Prefer monkeypatch for simple replacements; use unittest.mock or pytest-mock for complex call verification.

Snapshot Testing

Capture expected output and detect unintended changes:

  pip install syrupy
  
  def test_render_html(snapshot):
    html = render_user_page({"name": "Alice"})
    assert html == snapshot
  

First run saves the snapshot; subsequent runs compare against it.

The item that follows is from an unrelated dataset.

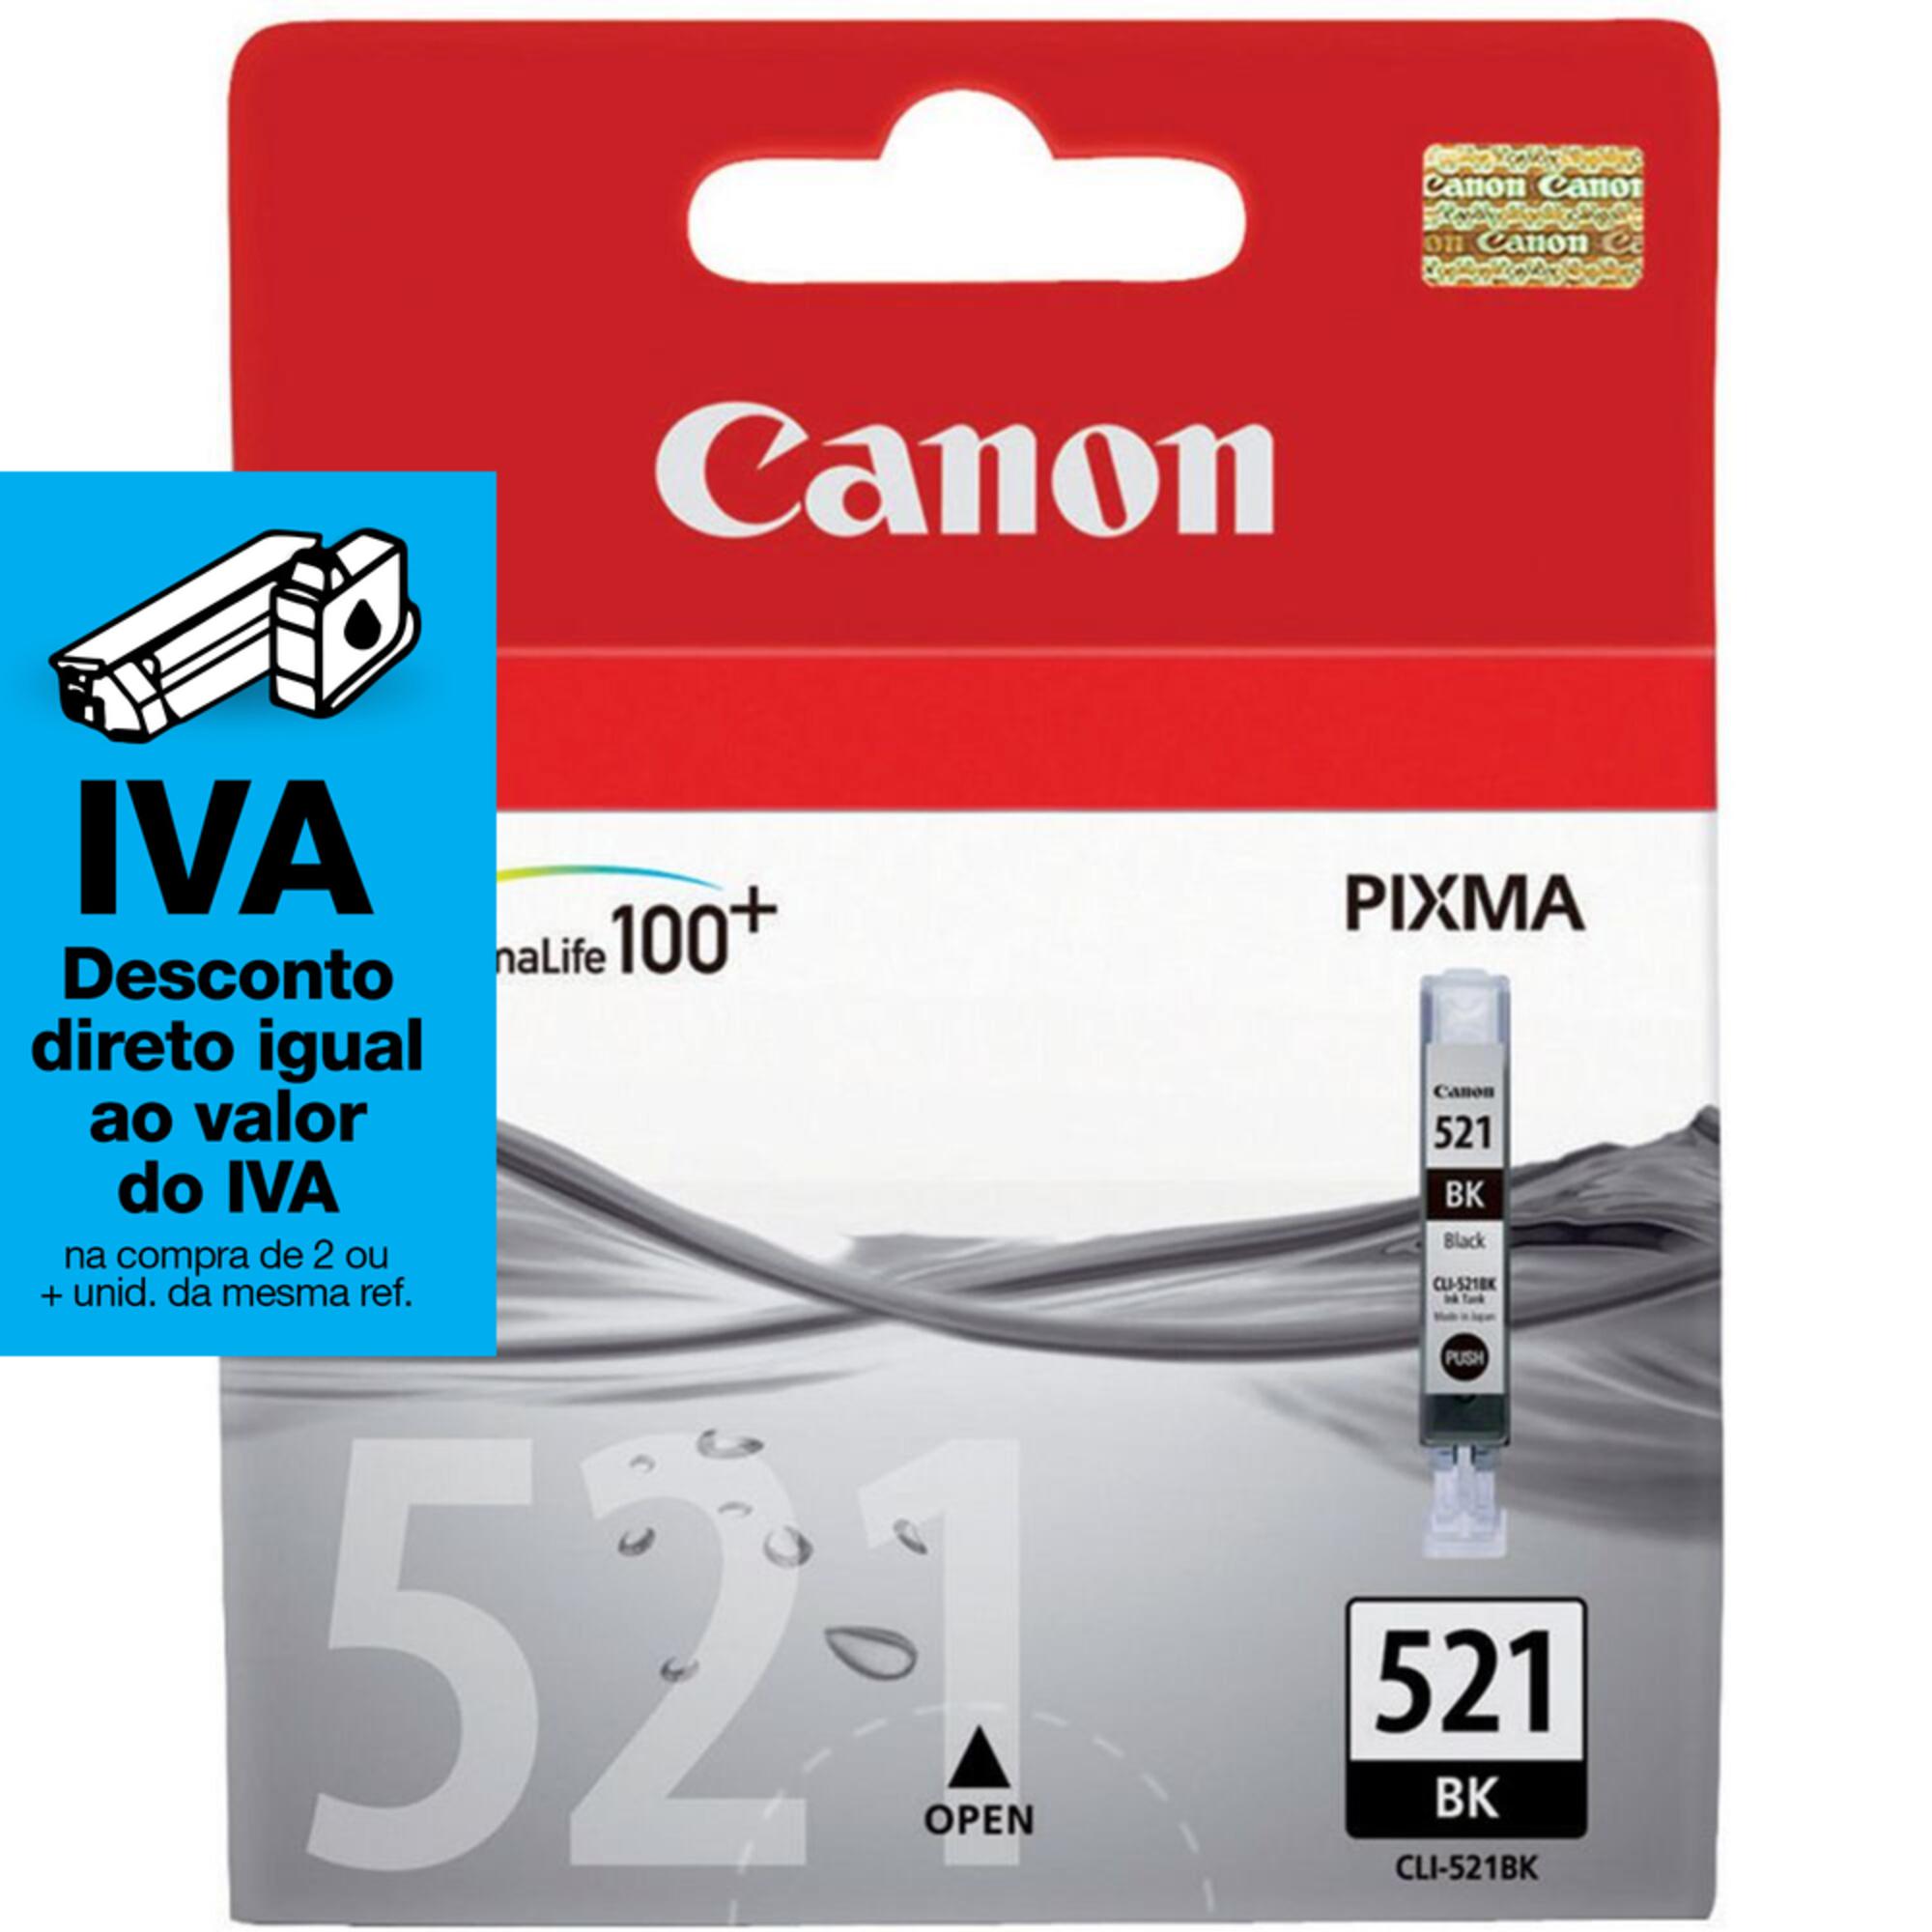 Canon Tinteiro Original CLI-521 BK com Tinta ChromaLife 100+, Preto, Individual, 2933B008
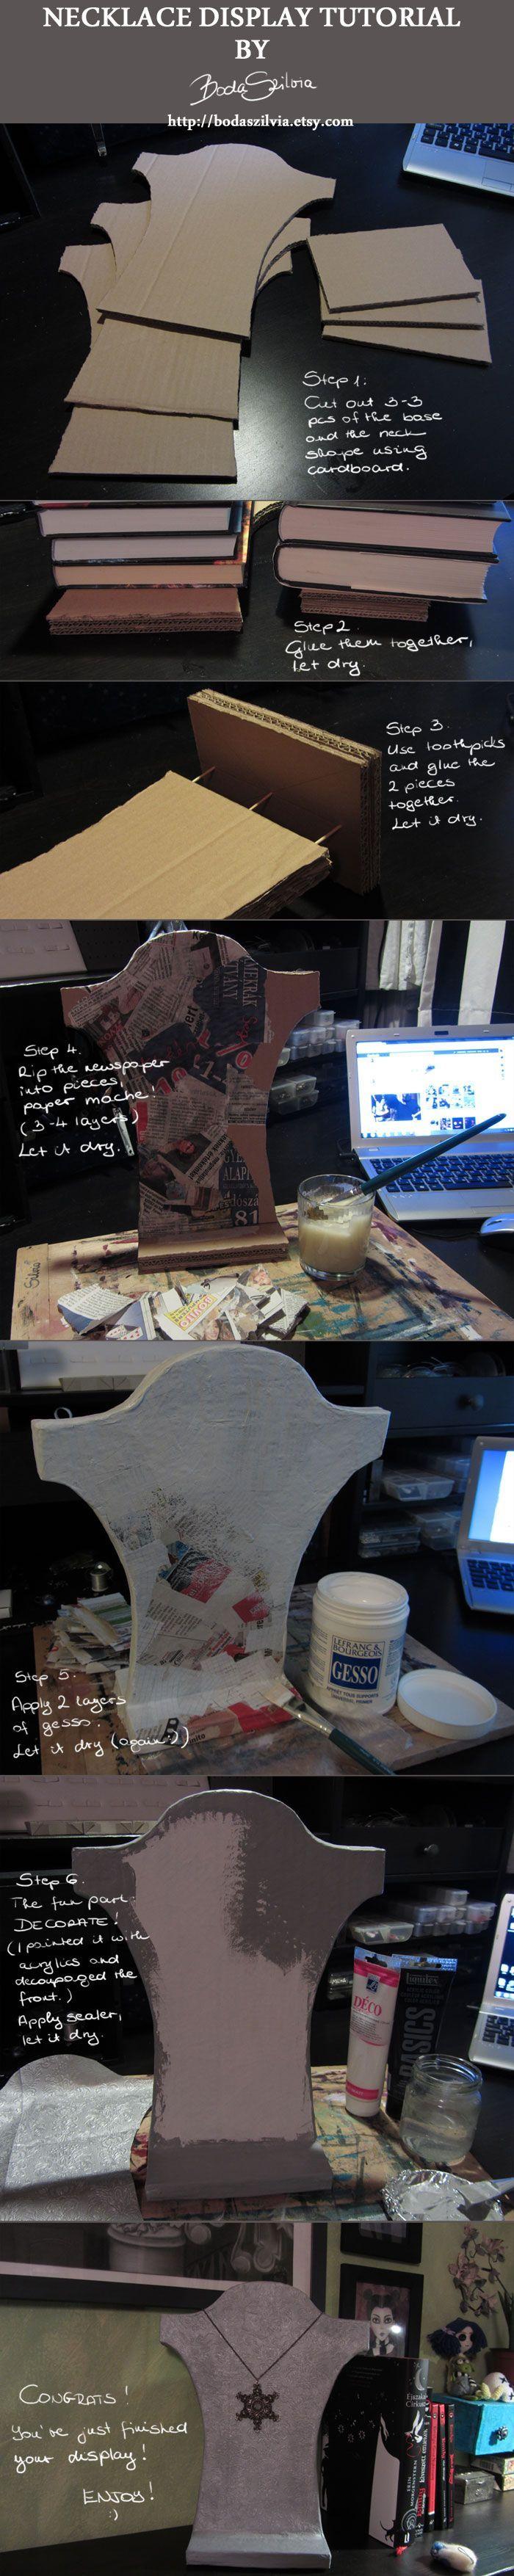 Necklace display tutorial by http://bodaszilvia.deviantart.com    (home made paper mache glue recipe included in the description :) )

Test Organization at Scale

  tests/
├── conftest.py
├── factories.py         # shared factory functions
├── unit/                # fast, no I/O
│   └── test_*.py
├── integration/         # DB, HTTP, file system
│   └── test_*.py
└── e2e/                 # full application flows
    └── test_*.py
  

Pyramid guideline: many unit tests, fewer integration tests, minimal e2e tests.

CI Integration

  # .github/workflows/test.yml
name: Tests
on: [push, pull_request]
jobs:
  test:
    runs-on: ubuntu-latest
    steps:
      - uses: actions/checkout@v4
      - uses: actions/setup-python@v5
        with:
          python-version: "3.12"
      - run: pip install -e ".[dev]"
      - run: pytest -m "not integration" --cov=src --cov-fail-under=80
      - run: pytest -m integration  # optional separate job with services
  

Debugging Failed Tests

  pytest tests/test_api.py::test_create_user -v   # single test
pytest --lf                                      # re-run last failures
pytest -x                                        # stop on first failure
pytest --pdb                                     # drop into debugger on failure
  

Common Pitfalls

  1. Fixture scope too wide — session-scoped mutable state leaks between tests
  2. Testing private methods — test public behavior instead
  3. Over-mocking — mock at boundaries (HTTP, DB), not internal functions
  4. Flaky tests — avoid time-dependent assertions; use freezegun for dates
  5. Slow test suite — parallelize with xdist, mark slow tests, use in-memory DB

Advanced testing is what separates hobby projects from maintainable production codebases.